We can start by calculating a very simple, yet powerful, and widely-used SVI, the normalized difference vegetation index (NDVI). NDVI has been used for over 40 years to study changes on the Earth's surface, specifically related to vegetation, stress, and agriculture. For more information on NDVI, you can explore this article from NASA: [https://earthobservatory.nasa.gov/features/MeasuringVegetation/measuring_vegetation_1.php](https://earthobservatory.nasa.gov/features/MeasuringVegetation/measuring_vegetation_1.php)

To calculate NDVI, we need to select which bands we want to include in the calculation. In general, NDVI is defined using a red and near-infrared band, so lets use a band centered at 650nm and another at 850nm, both squarely within the red and NIR wavelength range as shown in the example spectral graph above

The basic structure of the NDVI is: NDVI = (NIR−Red)/(NIR + Red)

In [None]:
### Let's calculate the NDVI using the provided normalized_diff function
ndvi = normalized_diff(input_xarray = ds_geo, band1=650, band2=850, index_name='ndvi', proj=llwgs84)
ndvi.hvplot.image(cmap='viridis', geo=True, tiles='ESRI', aspect = 'equal', frame_width=720, clim=(0,1)).opts(title="NDVI Image")

Above is the NDVI map generated from the Yuma CO scene. What do you new imformation or details do you notice in this new NDVI map?

In [None]:
### Now let's calculate 2 more SVIs and show the three SVIs side by side for comparison

# We can calculate the Normalized Difference Water Index that is designed to capture subtle variations in canopy water content
ndwi = normalized_diff(input_xarray = ds_geo, band1=2200, band2=864, index_name='ndwi', proj=llwgs84)

# We can also calculate the Red Edge NDVI that is highly sensitive the subtle variations in plant photosynthetic pigment content
reNDVI = normalized_diff(input_xarray = ds_geo, band1=705, band2=750, index_name='reNDVI', proj=llwgs84)

# Show the three plots side by side
ndvi.hvplot.image(cmap='viridis', geo=True, aspect = 'equal', frame_width=300, clim=(0,1)).opts(title="NDVI Image") + \
ndwi.hvplot.image(cmap='viridis', geo=True, aspect = 'equal', frame_width=300, clim=(0,1)).opts(title="NDWI Image") + \
reNDVI.hvplot.image(cmap='viridis', geo=True, aspect = 'equal', frame_width=300, clim=(0,1)).opts(title="reNDVI Image")

Based on what you see above, what are the similarities and differences across the three normalized-difference SVIs: NDVI, NDWI, and the reNDVI?  Are there particular areas that show strong similarities? Are there observable differences?

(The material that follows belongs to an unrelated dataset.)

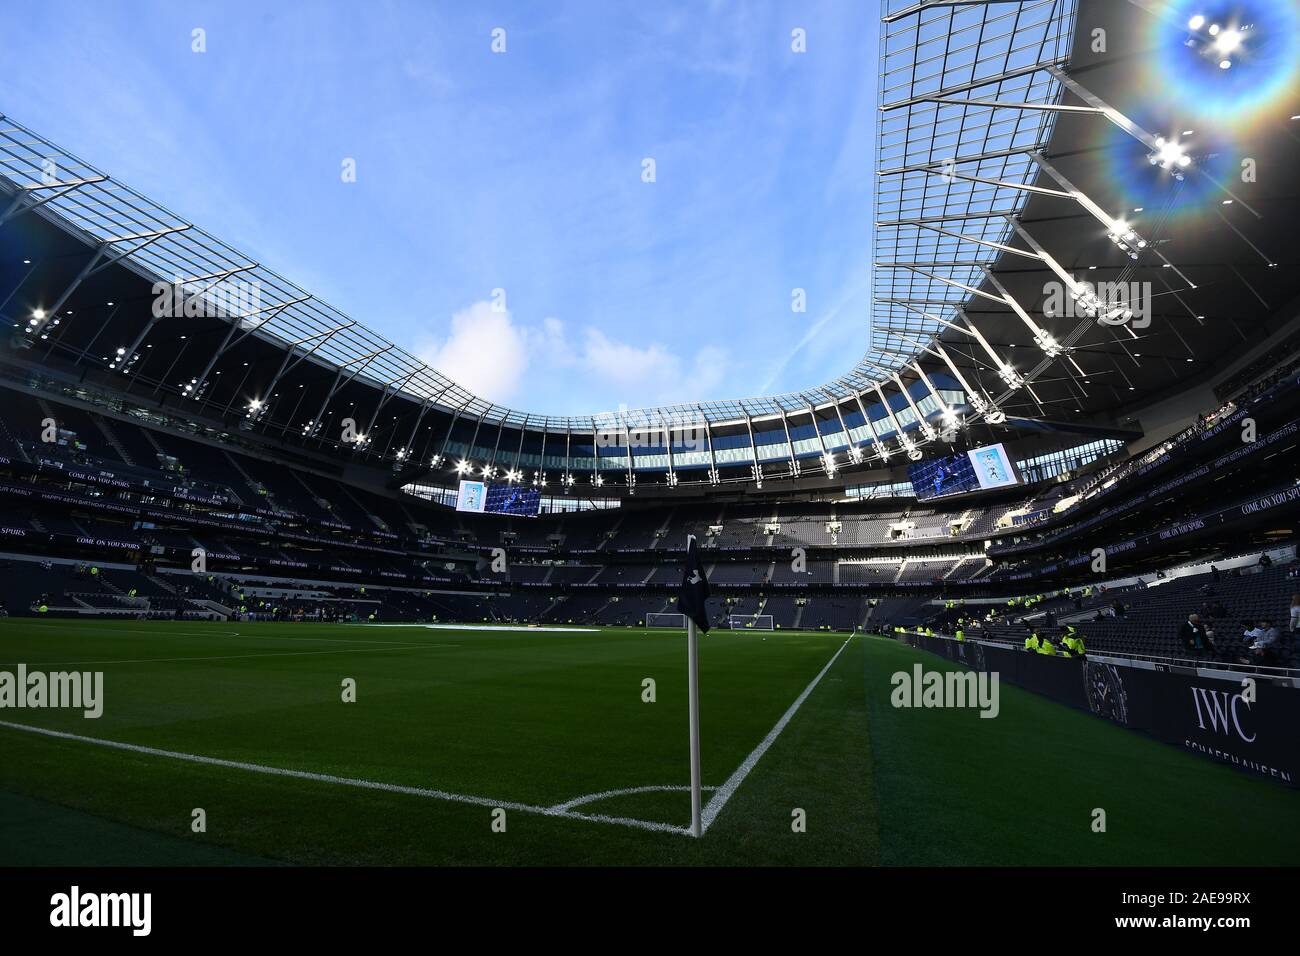 Tottenham to wear commemorative shirt in final White Hart Lane game, Football News

We will further explore the similarities and differences in crop condition and physiology using raw EMIT spectra and SVIs below.

### Step 7. Spectra of major crop types

Now that we have loaded and prepared our EMIT surface reflectance data, we can start to examine the spectral differences among crop types in the granule footprint. To do this we will use the **National Agricultural Statistics Service (NASS) Cropland Data Layer (CDL)** which provides estimated crop types with a 30-meter spatial resolution based on agricultural surveys and remote sensing data from the Landsat mission. We have pre-loaded a GeoTIFF of the NASS CDL for the South Platte and Republican river basins (recall in the first notebook when we plotted that data).

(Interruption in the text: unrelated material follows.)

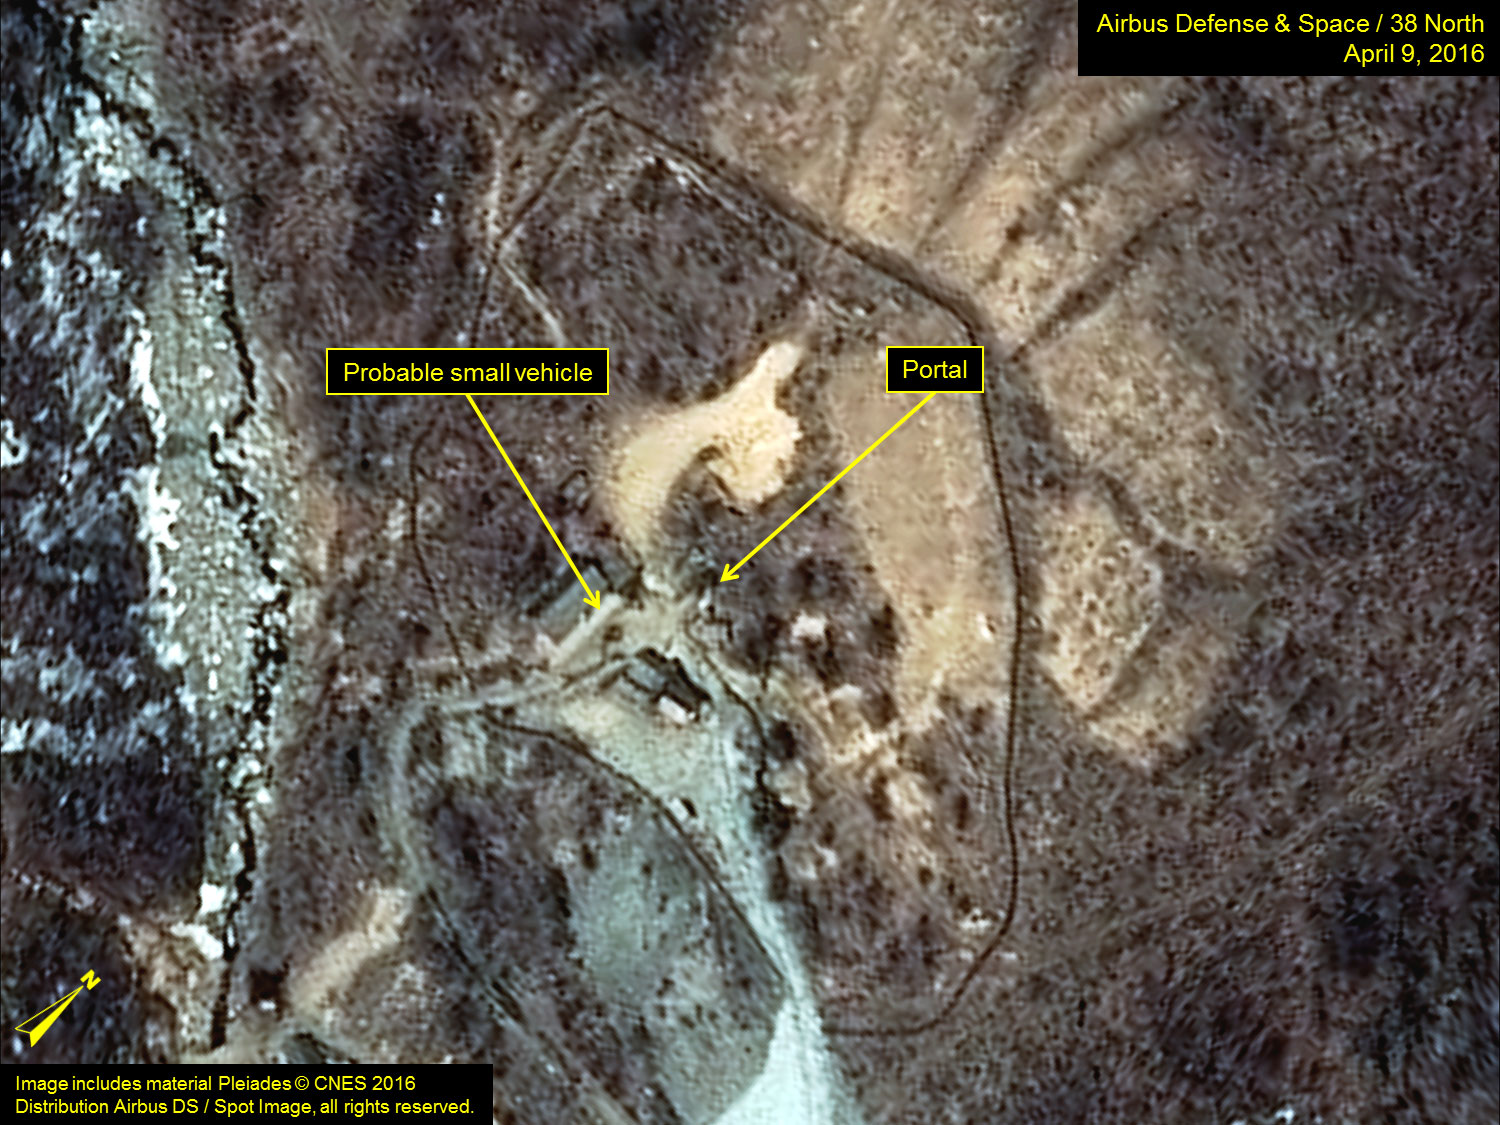 A Fifth Nuclear Test at Punggye-ri?

Using this data, we can identify the most common crop types within the area of our EMIT granule. We can also generate random samples of different crop types to compare the spectral differences between them. 

You can read more about the NASS CDL: https://www.nass.usda.gov/Research_and_Science/Cropland/SARS1a.php

#### Step 7a. Load, crop, and mask the NASS CDL GeoTIFF

The first step is to align our CDL raster with the EMIT granule prior to sampling the pixel values of different crop types. In the code below, we extract one band from the EMIT spectra to use as a reference array when matching the CDL data.

In [None]:
# Select a wavelength from the EMIT data to work with
# Define the desired wavelength (e.g., 550 or 850 nm)
wavelength = 850
# Select the data at the specific wavelength (closest to desired_wavelength)
emit_band = ds_geo['reflectance'].sel(wavelengths=wavelength, method='nearest')

# Extract the extent of the EMIT granule
emit_extent = emit_band.rio.bounds()
print(f"EMIT Granule Extent: {emit_extent}")

In [None]:
### Load the Cropland Data Layer (CDL) for our region
## Crop to the extent of our EMIT granule
## Mask no-data values to match the EMIT granule

# Load the CDL raster
cdl_path = os.path.join(datadir,'CDL_2023_CO_SouthPlatte_Republican.tif')
cdl = rxr.open_rasterio(cdl_path, masked=True, cache=False).squeeze().astype(rio.uint8)
cdl = cdl.rio.reproject("EPSG:4326")

# Clip the CDL raster to the EMIT dataset's extent
cdl_clip = cdl.rio.clip_box(*emit_extent)

# Print the unique pixel values
print(np.unique(cdl_clip.values))

# Clear up memory
del cdl



We successfully cropped the CDL to the extent of our EMIT band. However, we also want to make sure that we mask the CDL to retain only pixel which overlap non-null pixels in the EMIT band. To do this, we can create a null data mask from the EMIT band and apply this to the CDL.

In [None]:
# Create a mask of the NaN values from the selected wavelength band
nan_mask = emit_band.isnull().squeeze()
nan_mask = nan_mask.rio.write_crs("EPSG:4326") # Set the CRS

# Remove additional coordinates that are not relevant
nan_mask = nan_mask.drop_vars(['wavelengths', 'fwhm', 'good_wavelengths', 'elev'], errors='ignore')
# Convert the boolean mask to a numerical mask (e.g., 0 for False, 1 for True)
nan_mask_int = nan_mask.astype(np.uint8)

# Reproject match to the CDL data array
nan_mask_repr = nan_mask_int.rio.reproject_match(cdl_clip)
print(nan_mask_repr)

# Clear up memory
del nan_mask, nan_mask_int

# Now mask the CDL to retain only data within the same bounds as the non-null EMIT data
cdl_masked = cdl_clip.where(nan_mask_repr == 0)
cdl_masked = cdl_masked.rio.write_crs("EPSG:4326") # Set the CRS

# Clear up memory
del cdl_clip


Now we should have CDL data that matches the extent and valid data for our EMIT granule. To check on what we just did, we can plot side-by-side maps of each step.

In [None]:
emit_band.hvplot.image(
    geo=True, cmap='viridis', tiles='ESRI', 
    aspect='equal', frame_width=300).opts(title=f'Wavelength: {wavelength}') + \
cdl_masked.hvplot.image(
    geo=True, cmap='tab20', tiles='ESRI', 
    aspect='equal', frame_width=300).opts(title="CDL Crop Types")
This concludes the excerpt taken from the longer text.